Not only that the perimeter of $ DEF$ is less than $ s/2$, but $ DEF$ is the inscribed triangle with the smallest perimeter. This result is known as Fagnano's theorem/problem. Several approaches are possible. For example, see: http://forumgeom.fau.edu/FG2007volume7/FG200728.pdf or http://forumgeom.fau.edu/FG2004volume4/FG200422.pdf. However, the most beautiful proof for this is an older one due to Schwarz, by reflecting the triangle $ ABC$ around the angles $ A$ and $ B$ (respectively). In this case, we see that the image $ B'C'$ of $ BC$ after these 6 rotations is parallel to $ BC$ and the line $ D - F - .... - D'$ (where $ D'$ is the image of $ D$) is nothing else but twice the perimeter of $ DEF$. Now since twice the perimeter of any other inscribed triangle will be a polygonal line (and not straight line as in the case of $ DEF$), it will be less than the $ DD'$. This proves our problem.

http://www.artofproblemsolving.com/viewtopic.php?t=245840

We need to prove that $a*cosA+b*cosB+c*cosC\leq \frac{1}{2}(a+b+c)$, where $a,b,c$ are the sides of $ABC$. It is equivalent to $\frac{ab^2+ac^2-a^3}{bc}+\frac{bc^2+ba^2-b^3}{ca}+\frac{ca^2+cb^2-c^3}{ab}\leq \frac{1}{2}(a+b+c)$. We can rewrite this as $2(a^2b^2+b^2c^2+c^2a^2) \leq (a+b+c)abc + a^4+b^4+c^4$, and then as $(a+b+c)^4+9abc(a+b+c) \geq 4(a+b+c)^2(ab+bc+ca)$, which is Schur's inequality.
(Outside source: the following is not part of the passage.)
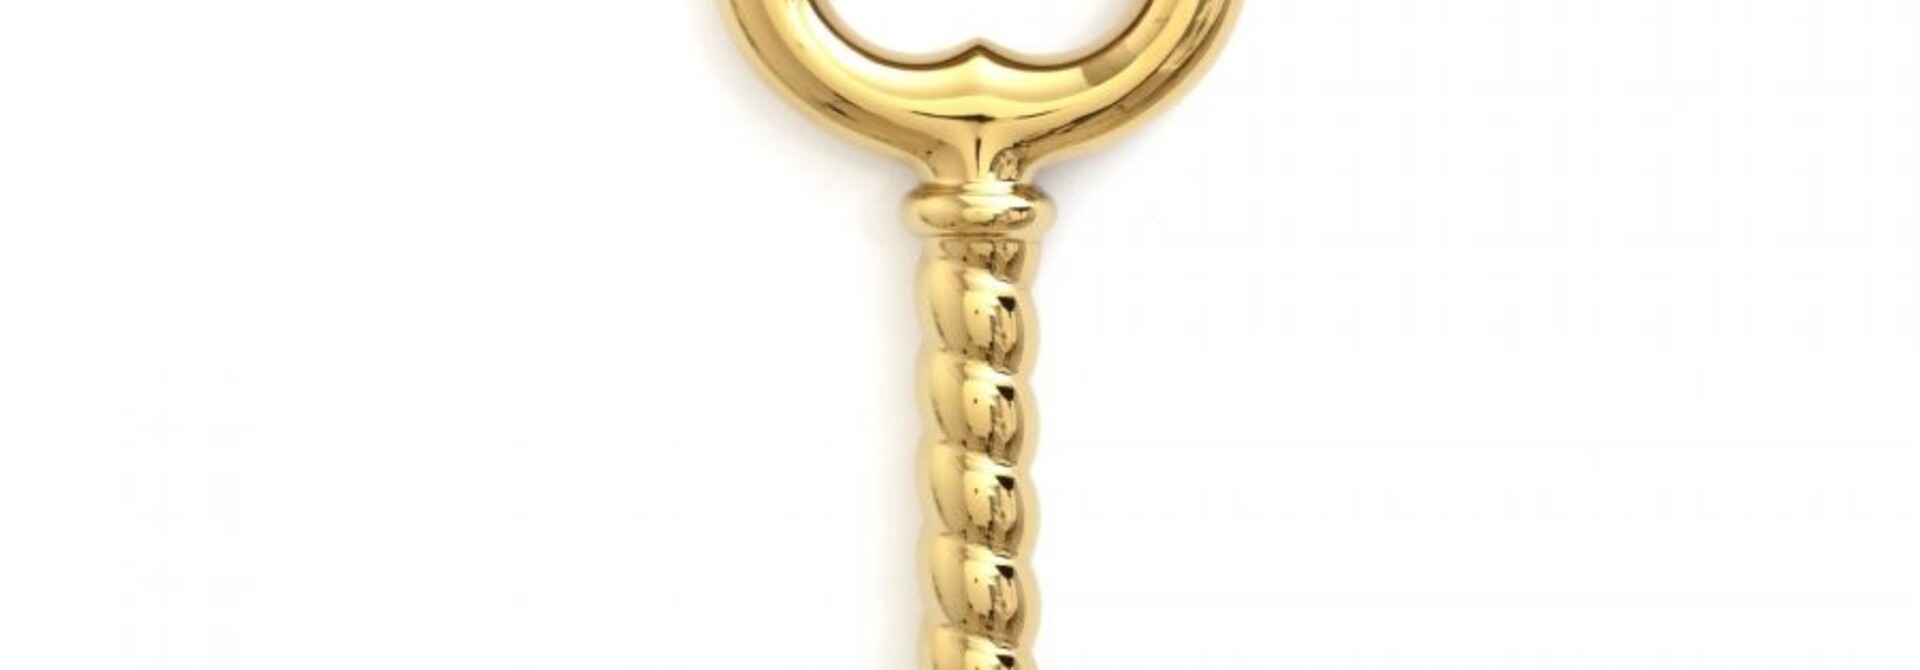 Golden key "Power key"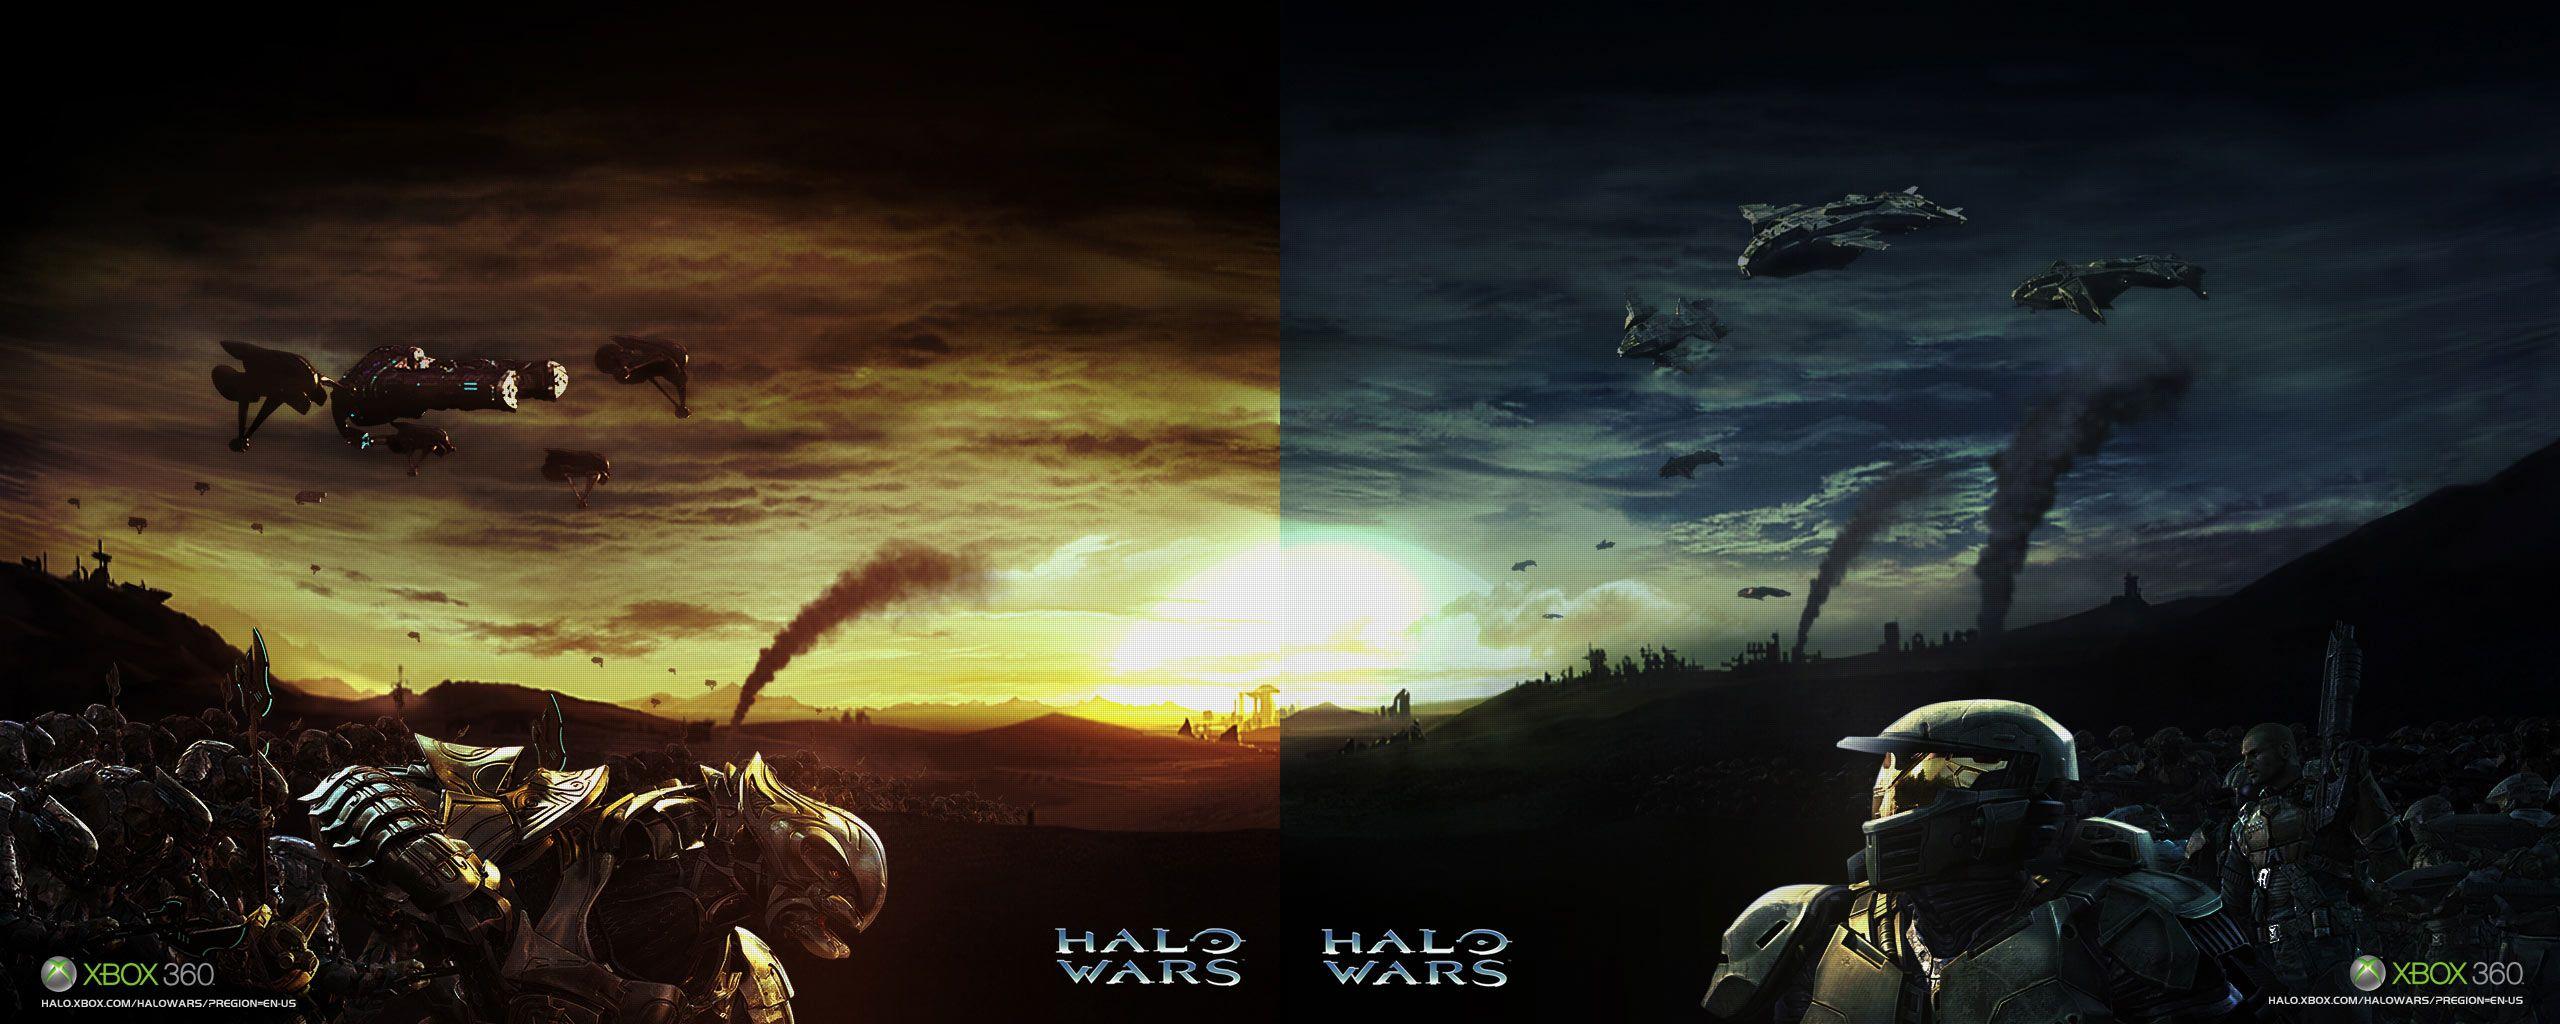 Re: Halo Wars Wallpaper

$a\cdot cos(\alpha)+b\cdot cos(\beta)+c\cdot cos(\gamma)\leq \dfrac{1}{3}(cos(\alpha)+cos(\beta)+cos(\gamma))(a+b+c)\leq \dfrac{a+b+c}{2}=s$

My solution: Let $ H $ be the orthocenter of $ \triangle ABC $ . Let $ M $ be the midpoint of $ BC $ and $ E' $ be the reflection of $ E $ in $ BC $ . Since $ H $ is the incenter of $ \triangle DEF $ , so $ BC $ is the external bisector of $ \angle EDF $ , hence we get $ E' \in DF $ . Since $ MF=ME=\frac{BC}{2}=ME' $ , so we get $ DE+DF=DE'+DF=E'F \leq MF+ME'=BC $ . Similarly, we can prove $ EF+ED \leq CA $ and $ FD+FE \leq AB $ , so combine three inequalities we get $ EF+FD+DE \leq \frac{AB+BC+CA}{2} $ . Q.E.D

WLOG $a\geq b\geq c\implies \alpha\geq \beta \geq \gamma \implies \cos\alpha \leq \cos\beta \leq \cos\gamma$. By rearrangement iequality: $a \cdot\cos\alpha+b \cdot\cos\beta+c\cdot\cos\gamma\leq b \cdot\cos\alpha+c\cdot \cos\beta+a\cdot\cos\gamma$. And $a \cdot\cos\alpha+b \cdot\cos\beta+c\cdot\cos\gamma\leq c \cdot\cos\alpha+a \cdot\cos\beta+b\cdot\cos\gamma$. $\implies a\cdot\cos\alpha+b \cdot\cos\beta+c\cdot\cos\gamma\leq \frac{b\cdot\cos\gamma +c\cdot \cos\beta}{2}+\frac {a\cdot\cos\gamma + c\cdot\cos\alpha}{2}+\frac{a\cdot\cos\beta+b \cdot\cos\alpha}{2}=\frac{a+b+c}{2}$.

Let $O$ be the circumcenter of triangle $ABC$. $R=AO$. Then easily we'll have $AO \perp EF,BO \perp DF,CO \perp DE$. So $2S_{ABC}=R\cdot (EF+DF+DE)$. Also we have$2S_{ABC}=r\cdot (AB+BC+AC)$,which $r$ is the radiu of the incircle of triangle $ABC$. It's well known that $R\ge 2r$ so we get $AB+BC+AC\ge 2(DE+DF+EF)$.